DATA FOR THIS TASK:
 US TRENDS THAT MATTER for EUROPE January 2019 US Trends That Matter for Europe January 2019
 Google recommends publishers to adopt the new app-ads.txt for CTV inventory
---
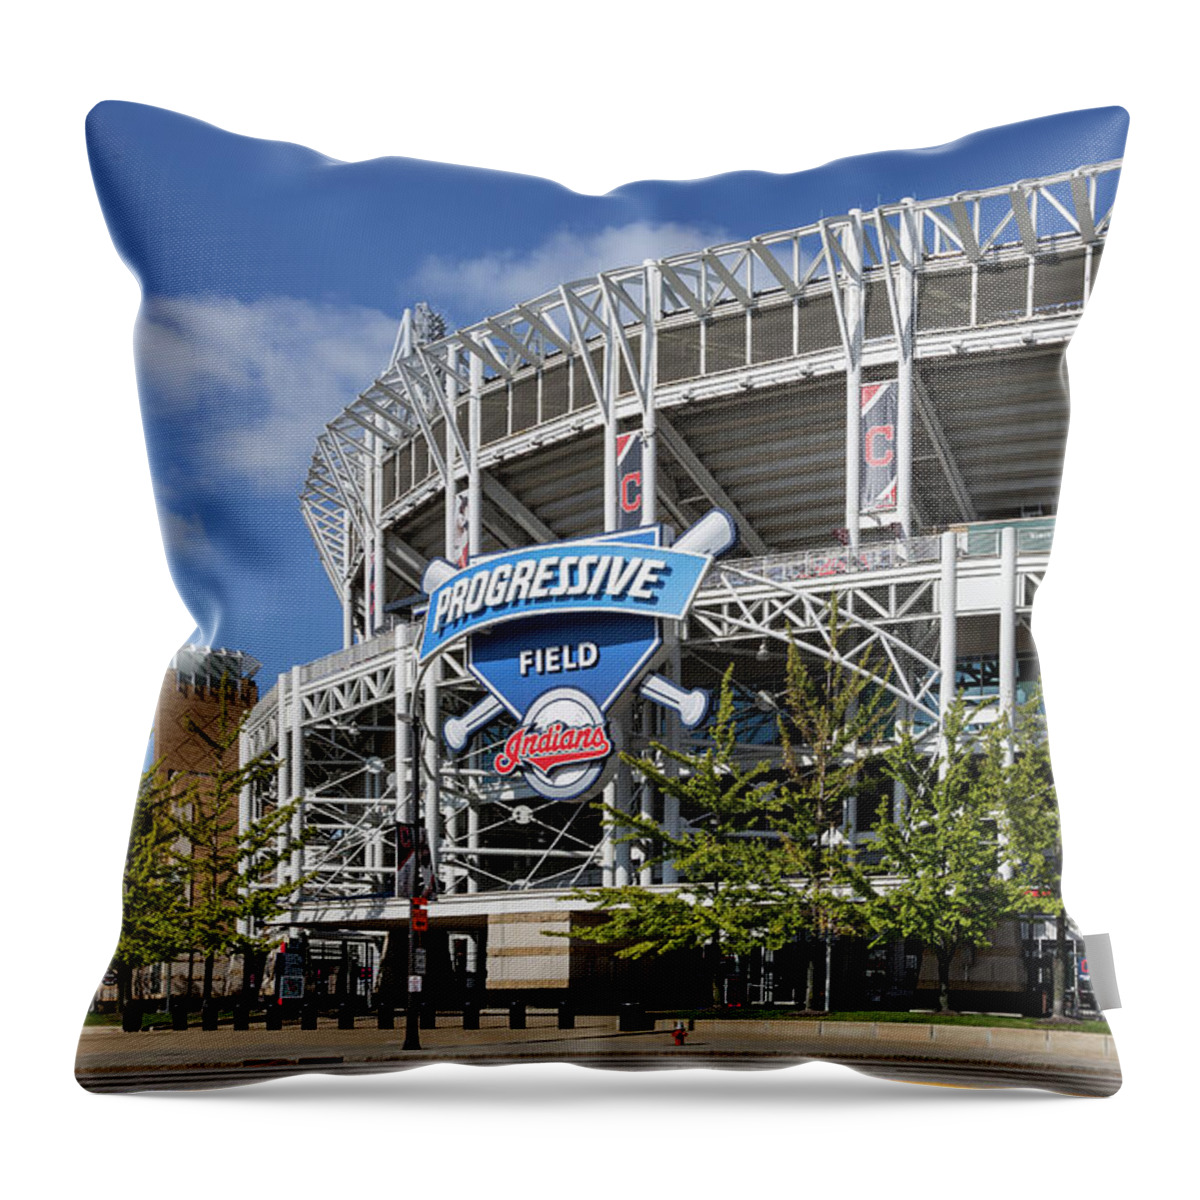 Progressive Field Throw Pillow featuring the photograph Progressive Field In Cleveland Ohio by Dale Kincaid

TASK INSTRUCTIONS:
In the entries above, the lines from the one bearing "US TRENDS THAT MATTER for EUROPE January 2019 US" up to and including the one bearing "Google recommends publishers" should be transcribed exactly; no other line is wanted.

EXERCISE SOLUTION:
 US TRENDS THAT MATTER for EUROPE January 2019 US Trends That Matter for Europe January 2019
 Google recommends publishers to adopt the new app-ads.txt for CTV inventory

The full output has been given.